JS: Well I think the most important thing on education to start with is that he believes it’s very, very important to empower the states and the localities to make the best decisions for education, in conjunction with the parents. It must start there. I think the first thing we would say about those specific policies is that, again, state and local entities should be empowered to make the right decisions. And if they think that there are certain things that they need to do to help address the teacher shortage in their area, then local leaders should address those issues.
More specifically, I think one of the things that you’ll see across the board in Evan’s policy is a real bent toward innovation and toward opening new opportunities for people to find new solutions to how we solve problems. And again, pairing that up with local control and strong parenteral involvement is the recipe for coming up with better ways to address the teacher shortage.
LFP: We would like to know what his stance is on Utah’s Public Lands Initiative. There’s been a lot of conversation in Utah about the Bears Ears Monument, about federal land in the State of Utah and about Utah’s desire to have control over some of these federal lands. Does McMullin have a stand on that?
JS: Well, the big picture for his stance on federal land is that we have way too much land in the control of federal government, particularly in the West. There needs to be a better balance of lands that are in the control of state, local and private hands. The states and localities and private citizens know better than the federal government how best to manage the land that they live on and care for. And that is the most important principle that drives his approach on land management and federal lands specifically.
LFP: For Utah’s conservative voters, what is McMullin’s mantra for those who feel abandoned by their party? What is Evan’s sound bite for those conservatives?

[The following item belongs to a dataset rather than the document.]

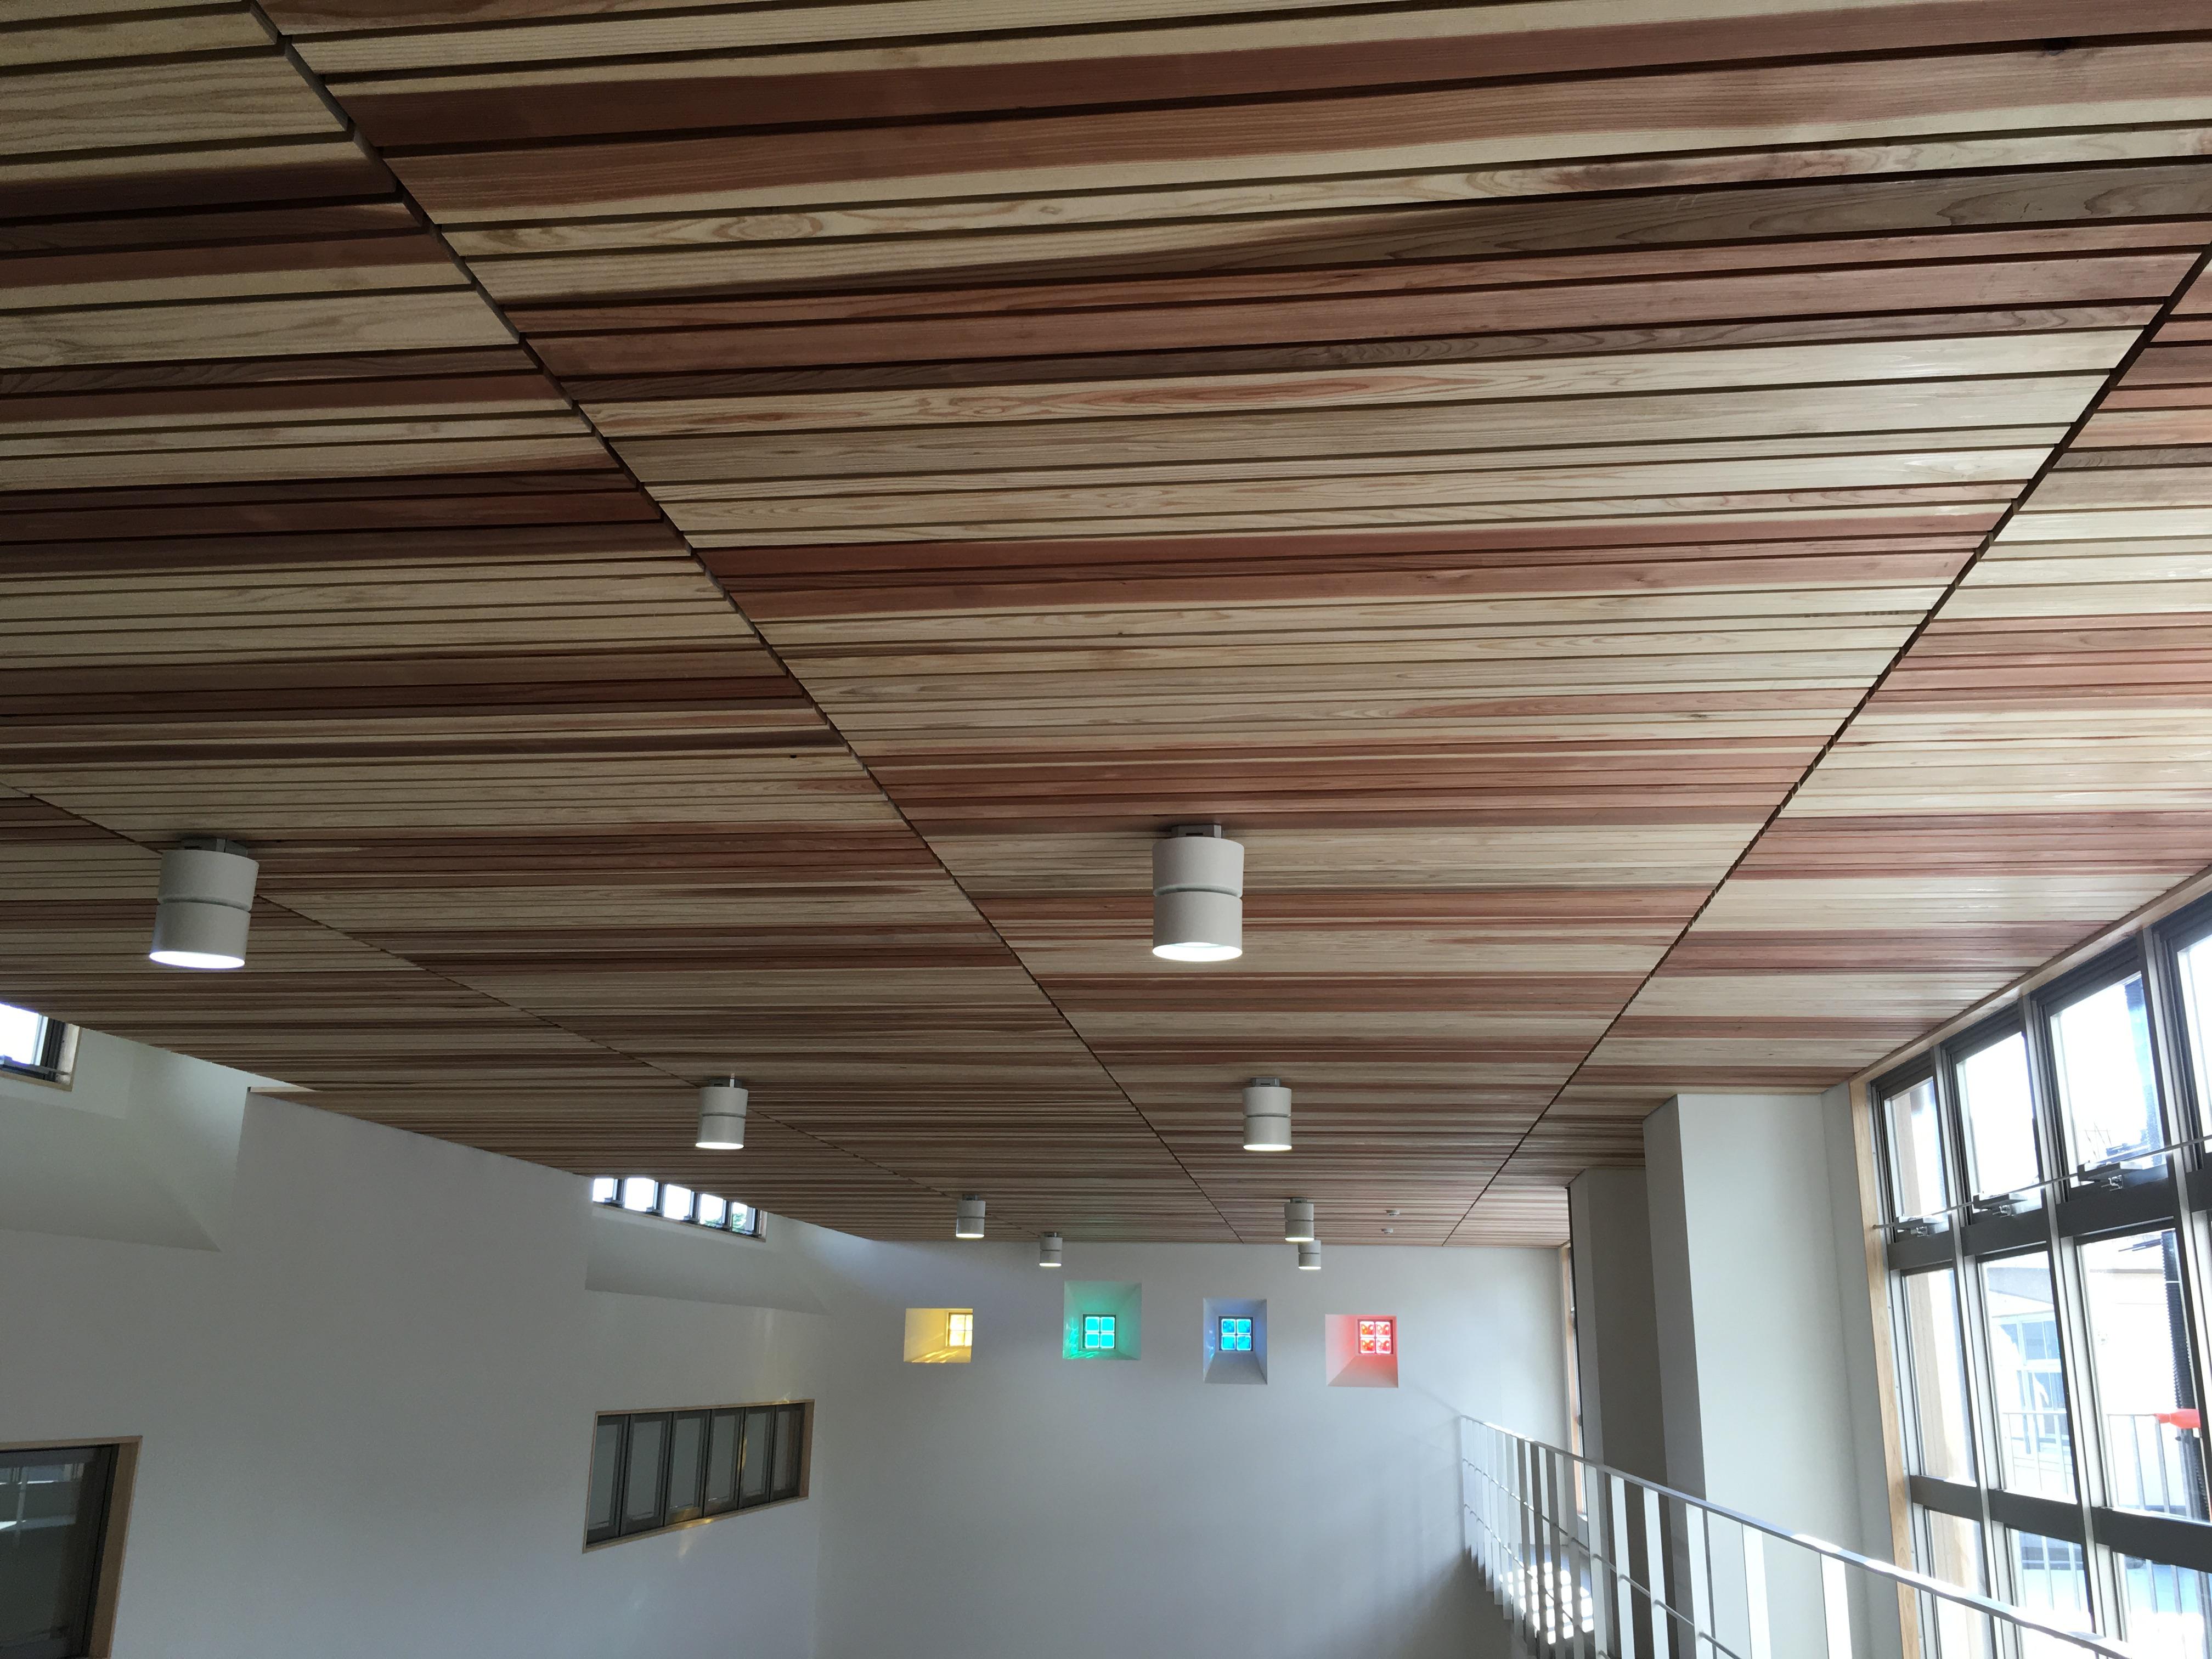 Diyで和室の天井張り替えに挑戦 基礎知識 作業の手順を解説 Diyer

JS: Well, first and foremost that McMullin is the only conservative candidate in this race. Donald Trump is no conservative. Hillary Clinton certainly is not. And we believe it’s time for a new conservative movement in this country. And so, we are building that and have built that. And it continues to grow. And it’s time for conservatives all over the country to stand up and do what’s right now and send a message to the leaders and to the voters of this country that we will not stand for anyone who will abandon the principles that we care about most deeply.